## PROBLEM REQUIREMENTS
Transcribe the listing exactly, skipping every picture.

## COLLECTED MATERIAL
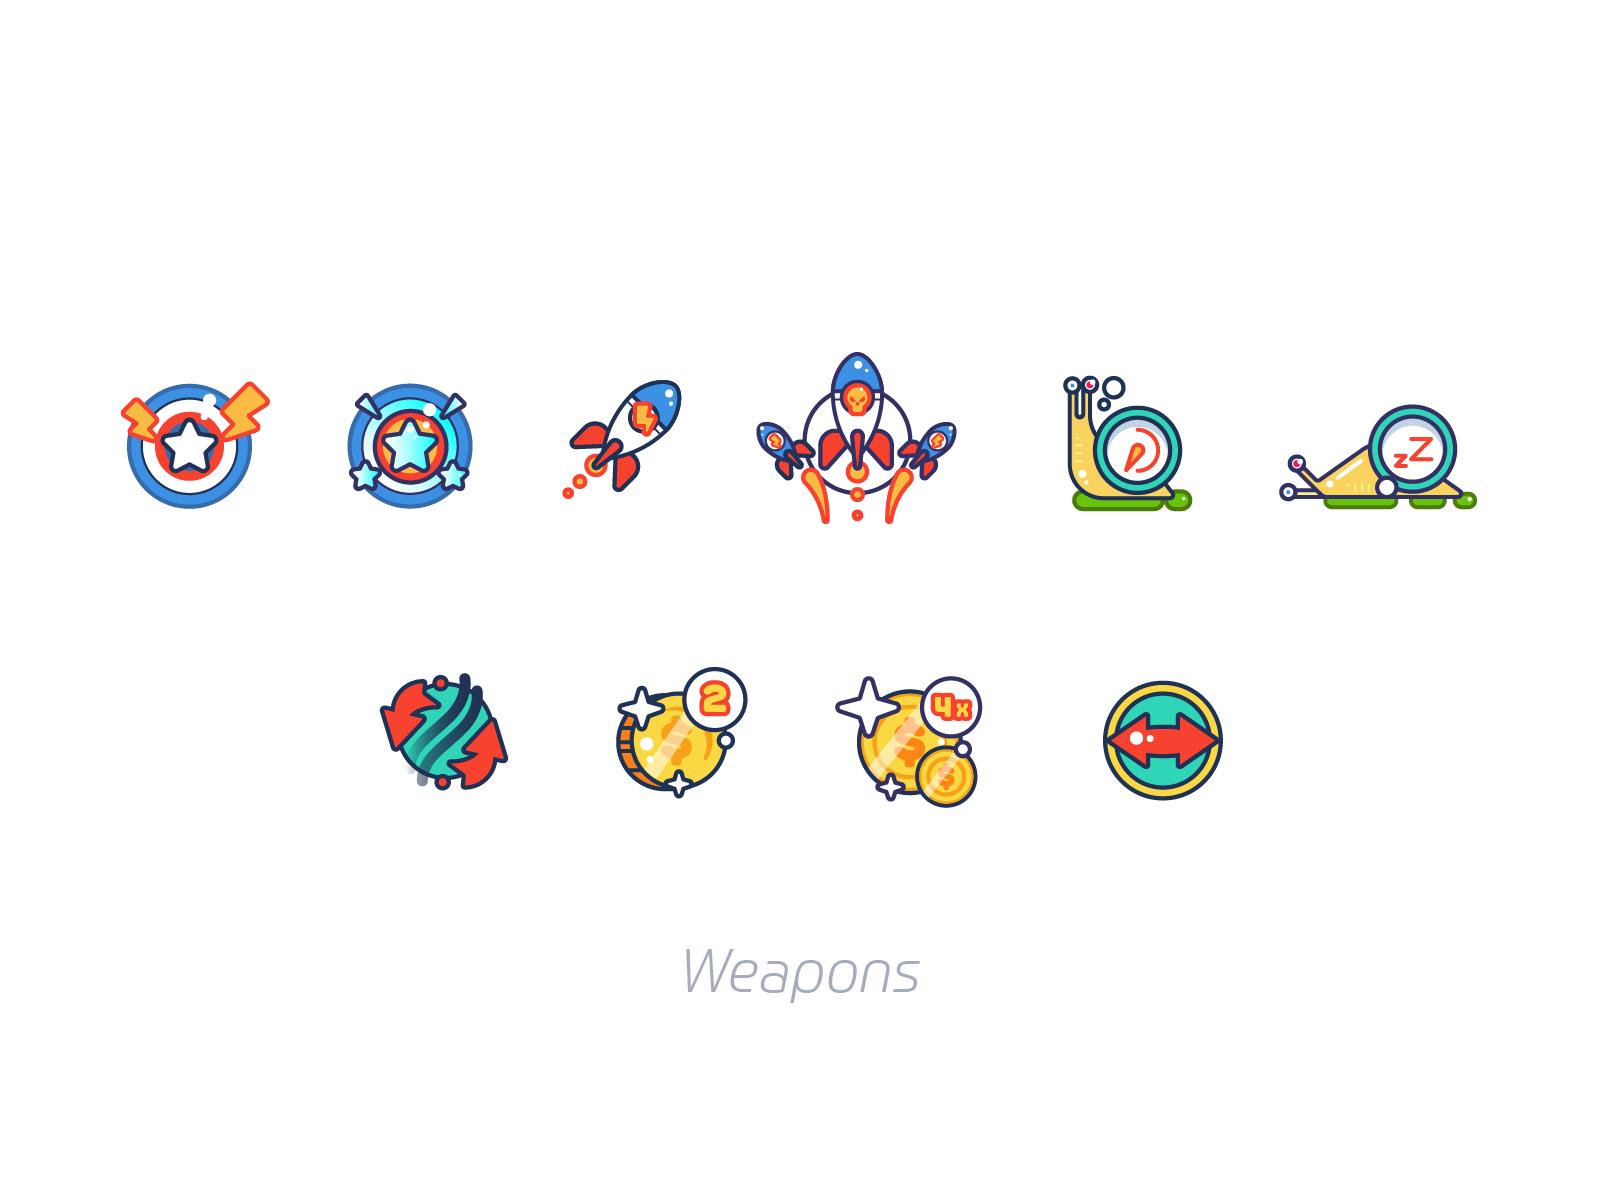 weapons game design illustration
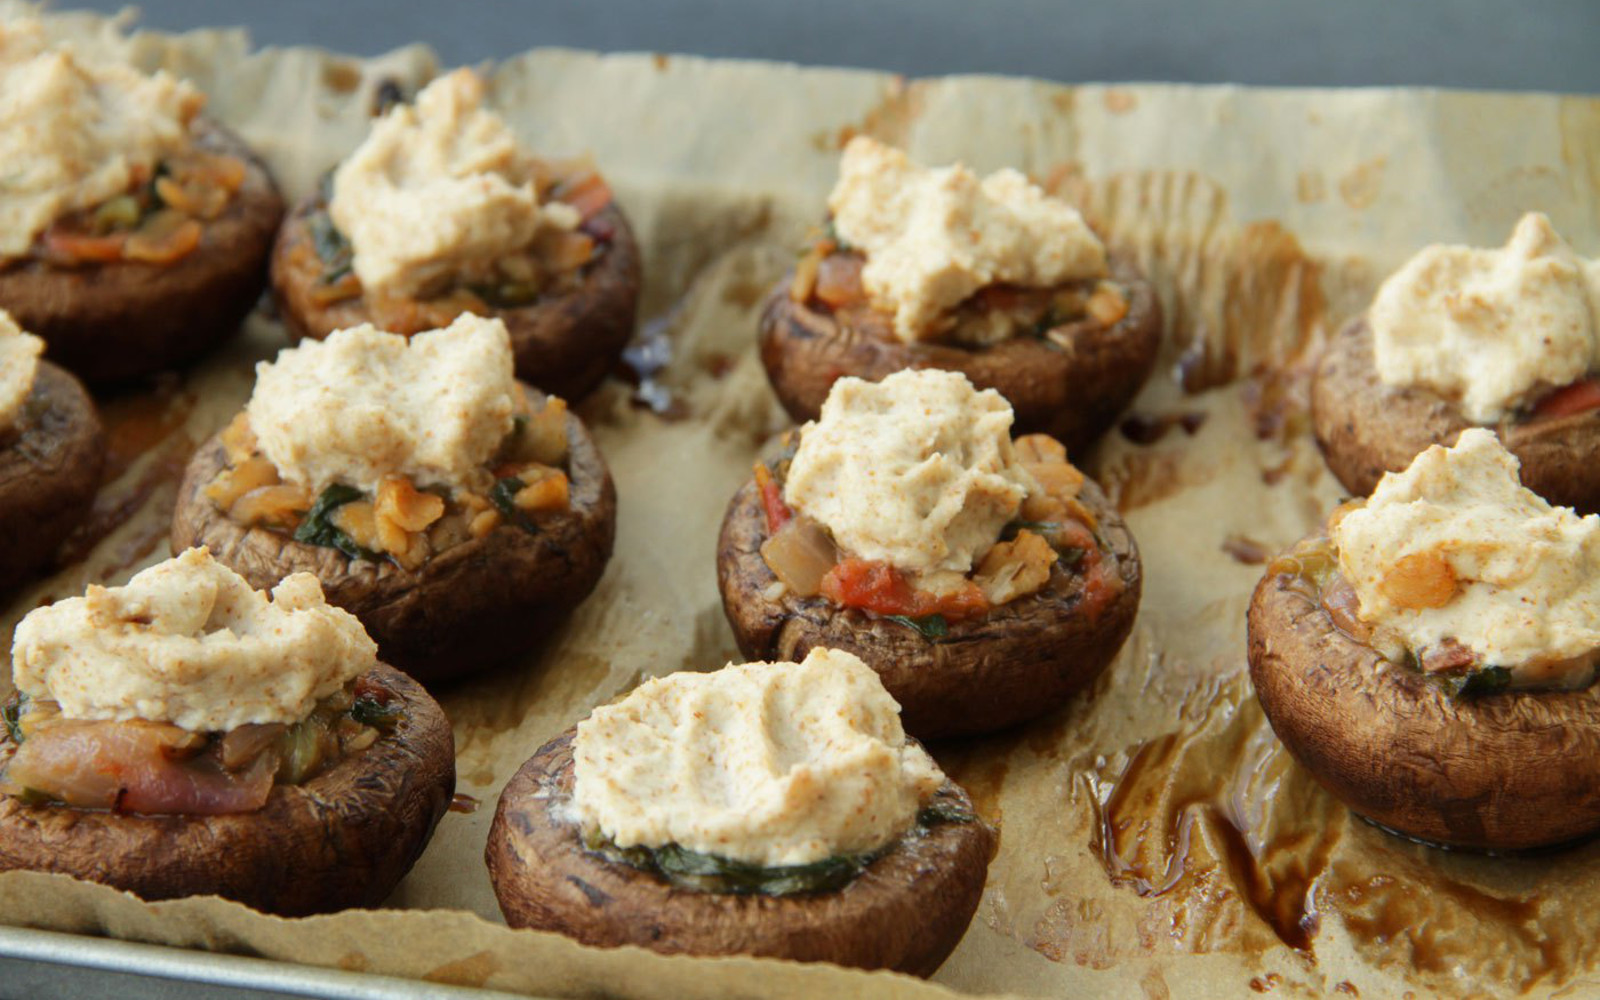 Stuffed Mushrooms With Almond Feta
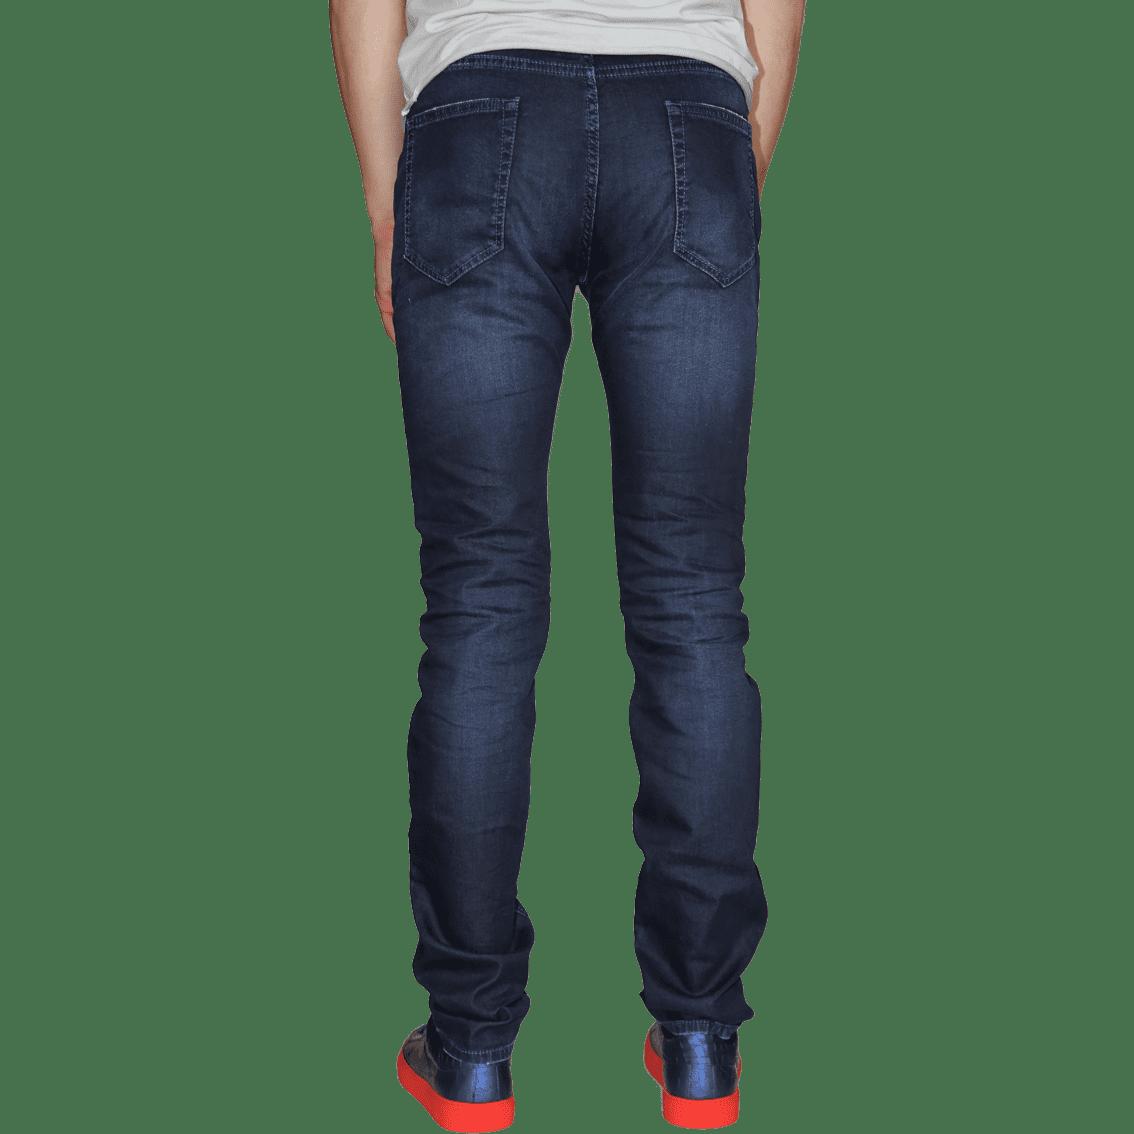 Cabinero Stiles Berlin PG Enjoy Jeans, Herrenhosen, made in Italy AW17-18 denim Blue-Blue 17-4

## RESPONSE TO THE EXERCISE
 weapons game design illustration
 Stuffed Mushrooms With Almond Feta
 Cabinero Stiles Berlin PG Enjoy Jeans, Herrenhosen, made in Italy AW17-18 denim Blue-Blue 17-4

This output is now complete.